Definition: Pushdown Automaton (PDA)
A pushdown automaton is a 6-tuple \((Q, \Sigma, \Gamma, \delta, q_0, F)\) where
- \(Q\) is a finite set of states,
- \(\Sigma\) is the input alphabet,
- \(\Gamma\) is the stack alphabet,
- \(\delta: Q \times \Sigma_{\epsilon} \times \Gamma_{\epsilon} \to \mathcal{P}(Q \times \Gamma_{\epsilon})\) is the transition function,
- \(q_0 \in Q\) is the start state,
- \(F \subseteq Q\) is the set of accept states.
Here \(\Sigma_{\epsilon} = \Sigma \cup \{\epsilon\}\) and \(\Gamma_{\epsilon} = \Gamma \cup \{\epsilon\}\),
matching the convention introduced for nondeterministic finite automata in the
introduction to automata theory.
A transition \((r, c) \in \delta(q, a, b)\) means: from state \(q\), reading input symbol \(a\) (or no input if \(a = \epsilon\))
and popping \(b\) from the top of the stack (or popping nothing if \(b = \epsilon\)), the PDA may move to state \(r\)
while pushing \(c\) onto the stack (or pushing nothing if \(c = \epsilon\)). \(\mathcal{P}(\cdot)\) denotes the power set, reflecting
nondeterminism.
Definition: PDA Computation and Acceptance
Let \(M = (Q, \Sigma, \Gamma, \delta, q_0, F)\) be a PDA and \(w \in \Sigma^*\) an input string.
\(M\) accepts \(w\) if \(w\) can be written as \(w = w_1 w_2 \cdots w_m\) with each
\(w_i \in \Sigma_{\epsilon}\), and there exist a sequence of states \(r_0, r_1, \ldots, r_m \in Q\)
and a sequence of stack contents \(s_0, s_1, \ldots, s_m \in \Gamma^*\) satisfying:
- \(r_0 = q_0\) and \(s_0 = \epsilon\) (the computation starts in the start state with empty stack),
- for each \(i \in \{0, 1, \ldots, m-1\}\), there exist \(a, b, c \in \Gamma_{\epsilon}\) and \(t \in \Gamma^*\)
with \(s_i = bt\), \(s_{i+1} = ct\), and \((r_{i+1}, c) \in \delta(r_i, w_{i+1}, b)\)
(each step follows a valid transition: pop \(b\), push \(c\)),
- \(r_m \in F\) (the computation ends in an accept state).
The language recognized by \(M\) is
\[
L(M) = \{ w \in \Sigma^* \mid M \text{ accepts } w \}.
\]
A PDA is similar to an NFA but can additionally push symbols onto and pop symbols from its stack at each step.
This extra memory allows PDAs to recognize some nonregular languages.
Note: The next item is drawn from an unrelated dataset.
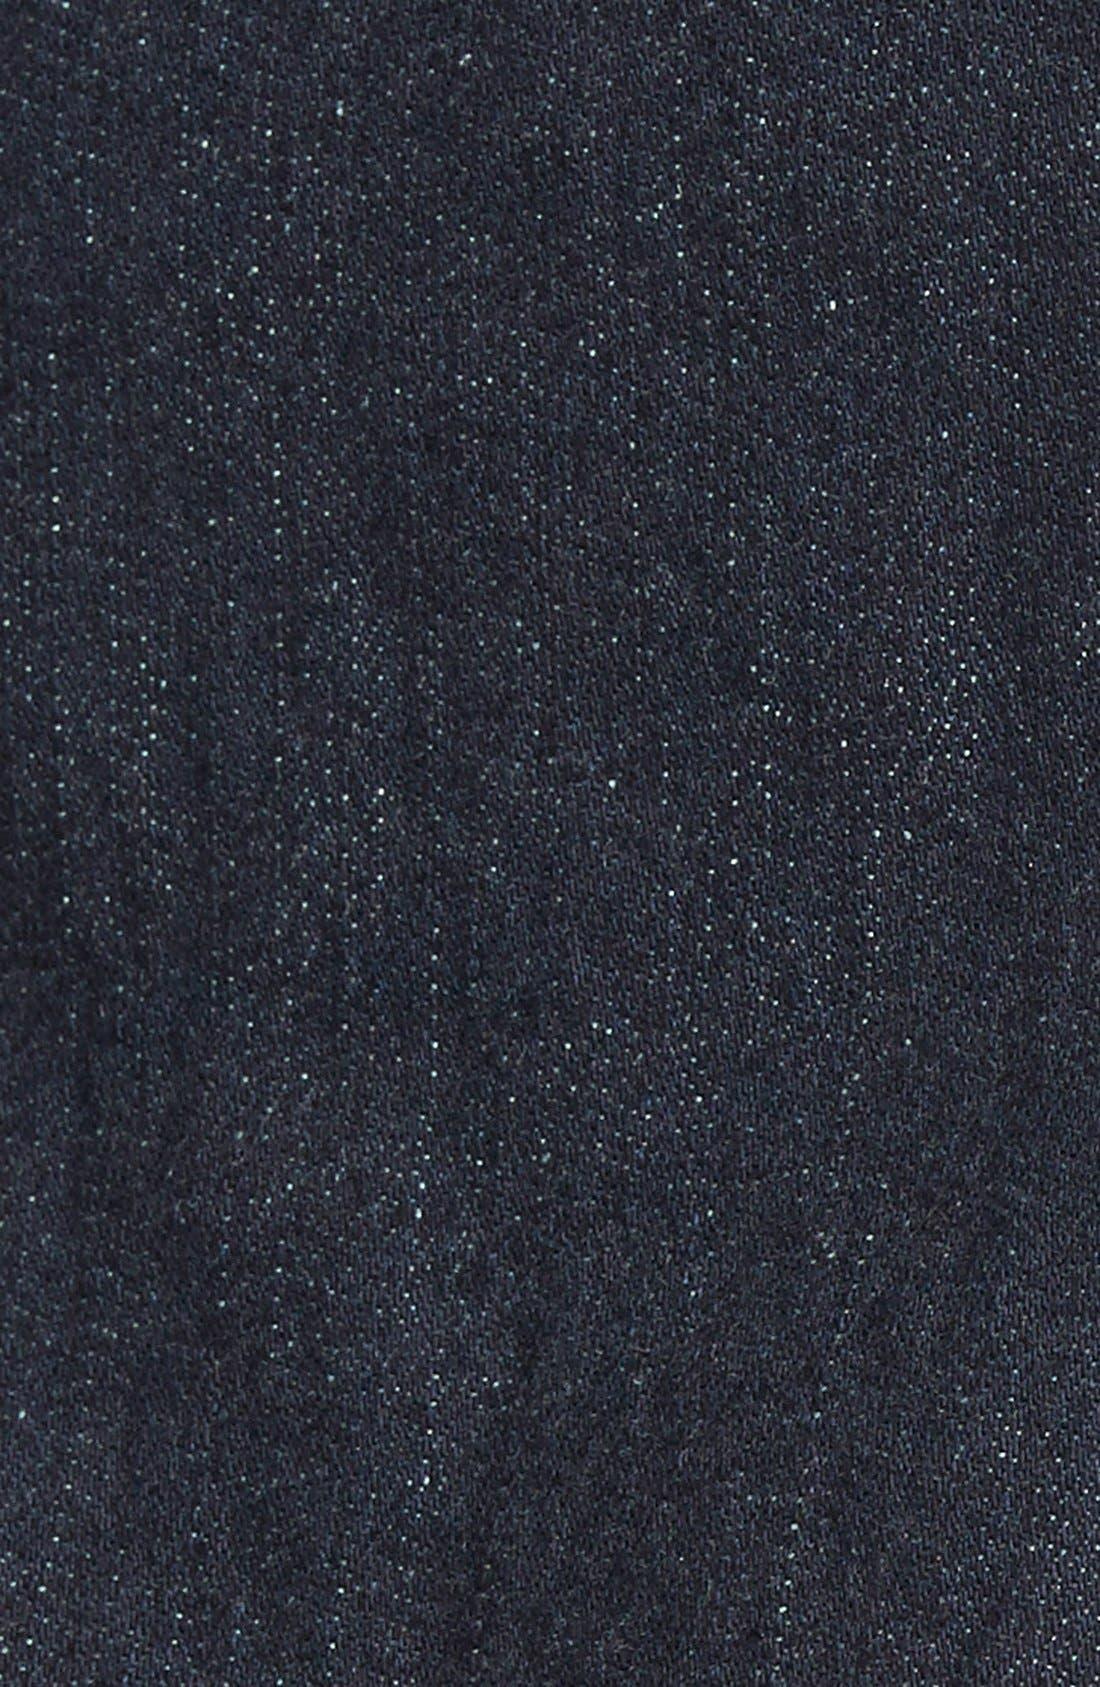 Alternate Image 3  - Alexa Chung for AG 'The Kety' A-Line Denim Skirt (Loan Star)

Again, consider the language:
\[
L_1 = \{0^n 1^n \mid n \geq 0\}.
\]
The PDA \(M_1\) reads symbols from the input string as follows:
- As each \(0\) is read, pushes it onto the stack.
- After reading the sequence of \(0\)s, pops a \(0\) off the stack for each \(1\) that is read.
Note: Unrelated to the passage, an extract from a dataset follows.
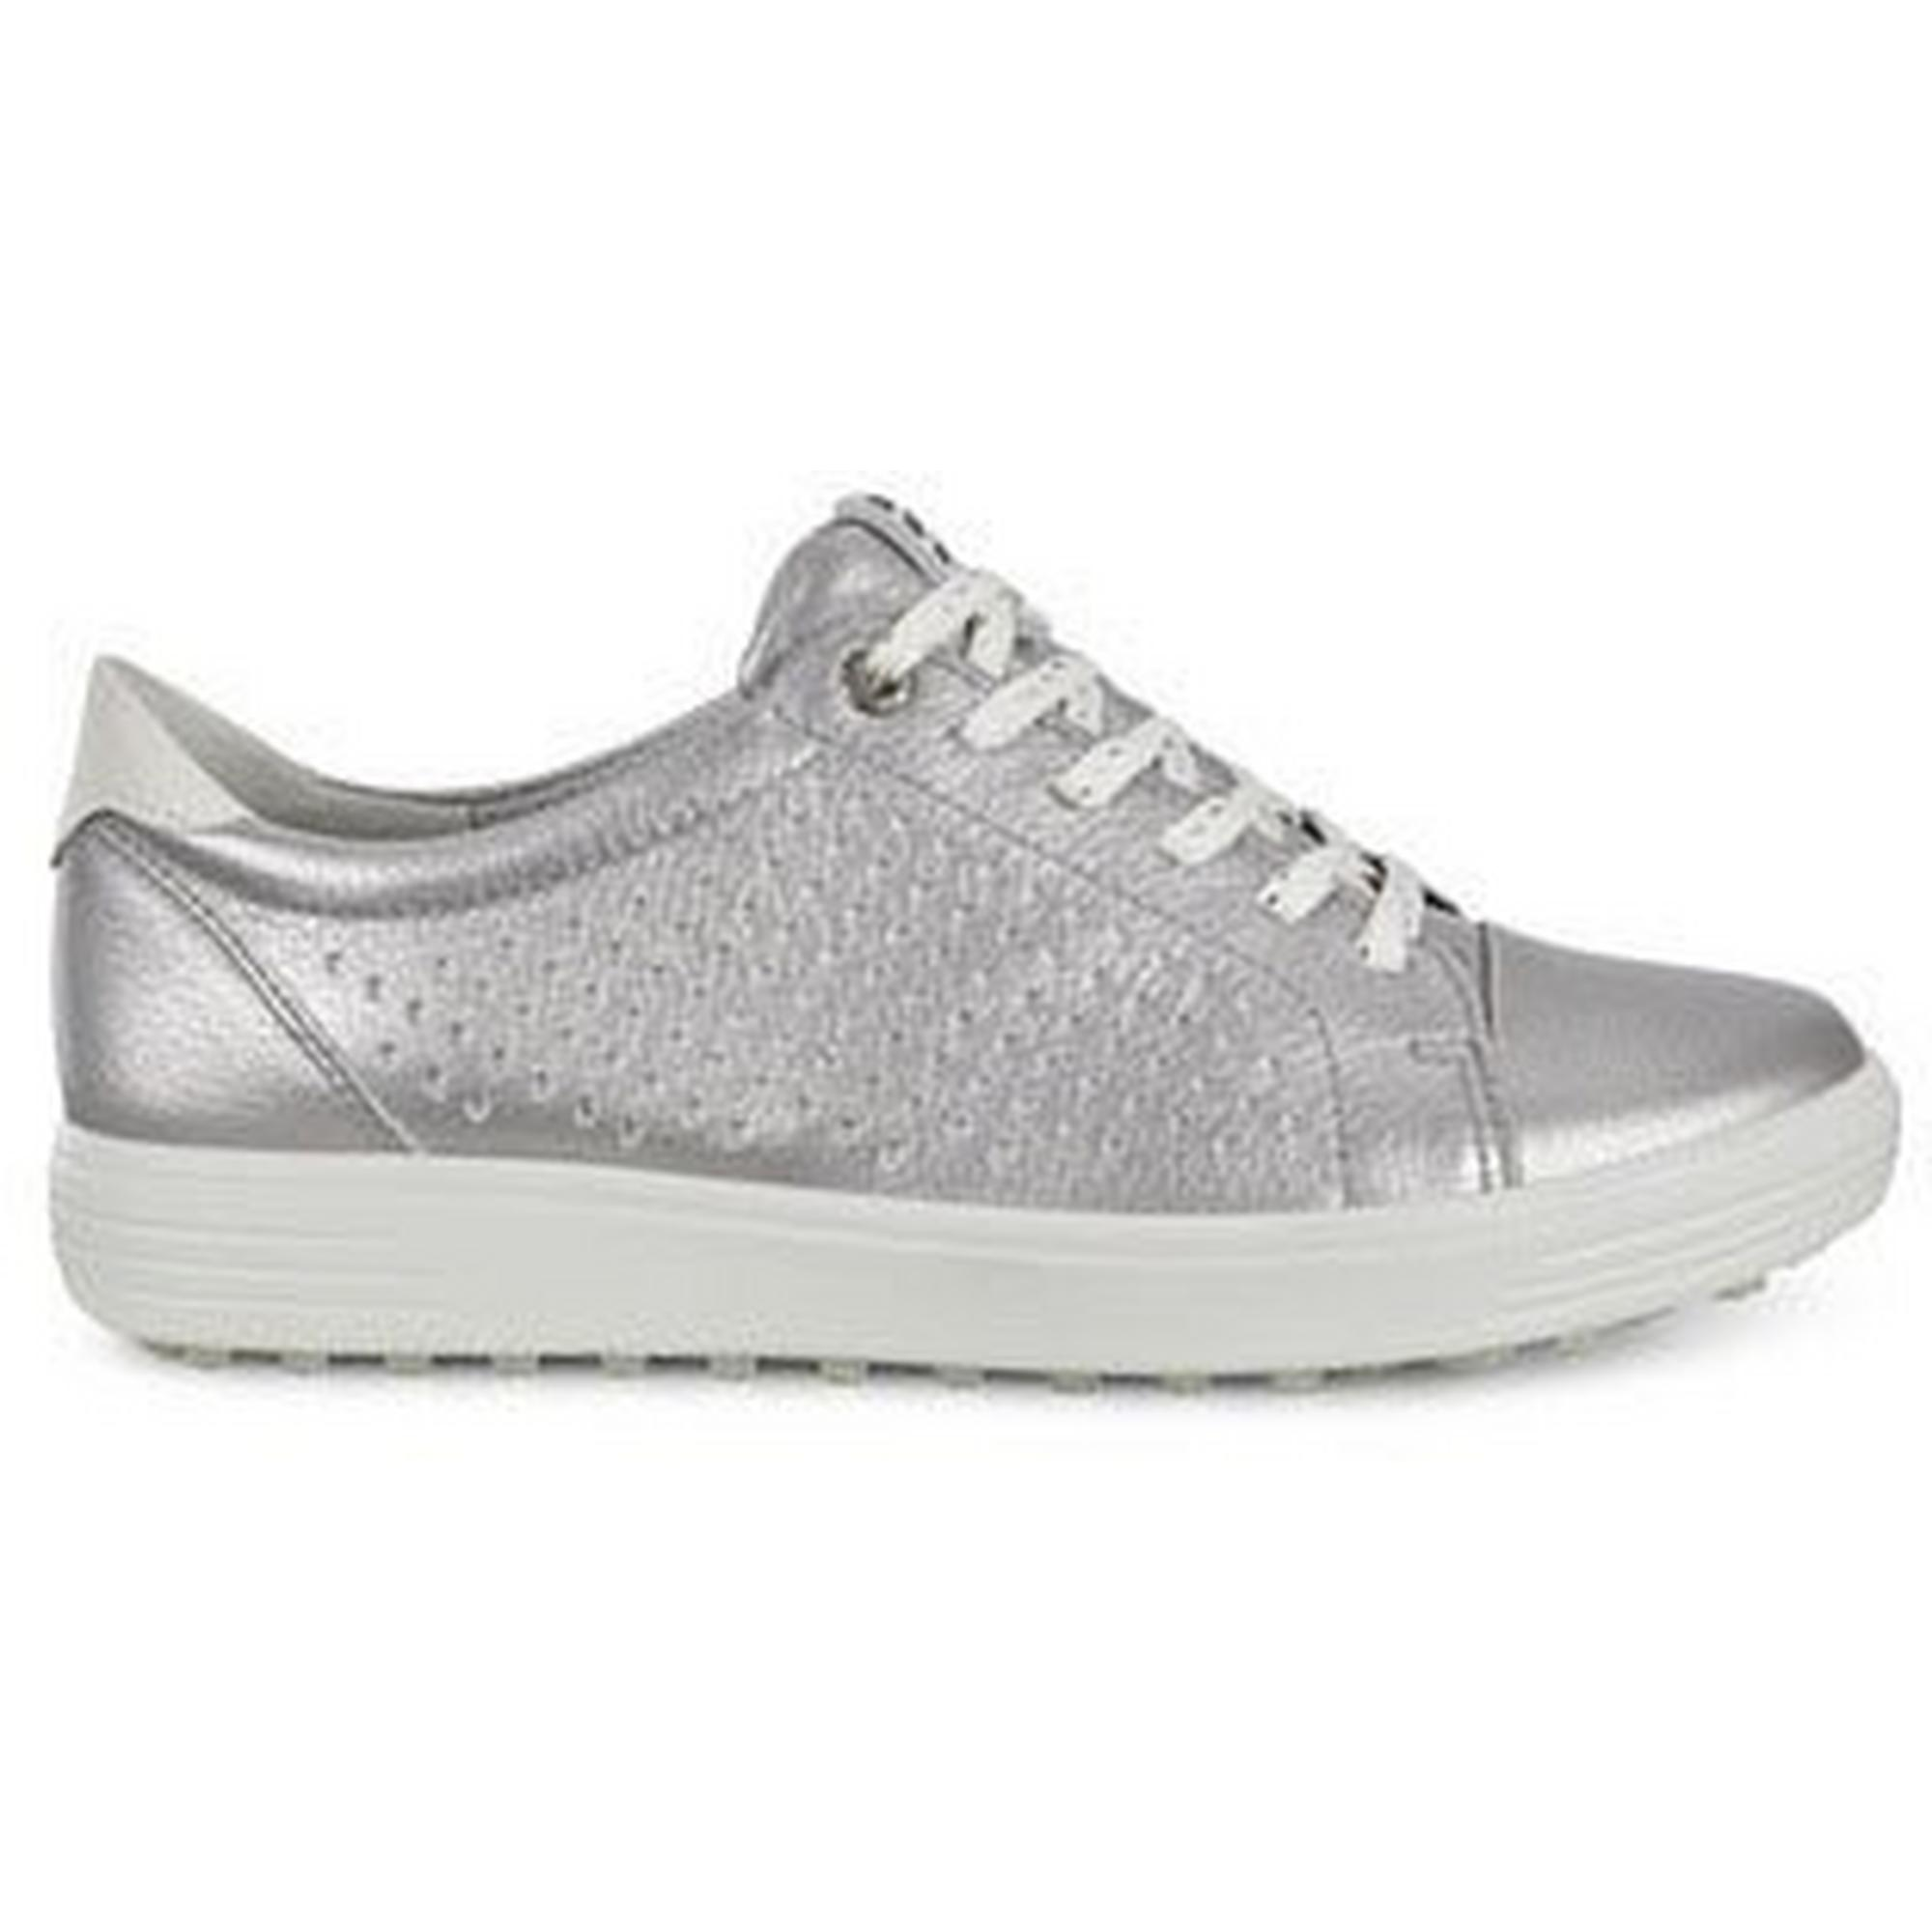 Women's Casual Hybrid Spikeless Golf Shoe - SIL/SIL

- If reading the string is finished exactly when the stack becomes empty, accepts the string, otherwise rejects the input.
Let's build the state diagram for \(M_1\) that recognizes \(L_1\).
\[
\begin{align*}
&Q = \{q_1, q_2, q_3, q_4\} \\\\
&\Sigma = \{0, 1\} \\\\
&\Gamma = \{0, \$\} \\\\
&F = \{q_1, q_4\}
\end{align*}
\]
Note: A special symbol \(\$\) is used as a bottom-of-stack marker.
The edge labels have the form \(a,\, b \to c\), meaning: read \(a\) from the input, pop \(b\) from
the top of the stack, and push \(c\) onto the stack. For example, \(1,\, 0 \to \epsilon\) means
"read a 1, pop a 0, and push nothing" (effectively removing the 0).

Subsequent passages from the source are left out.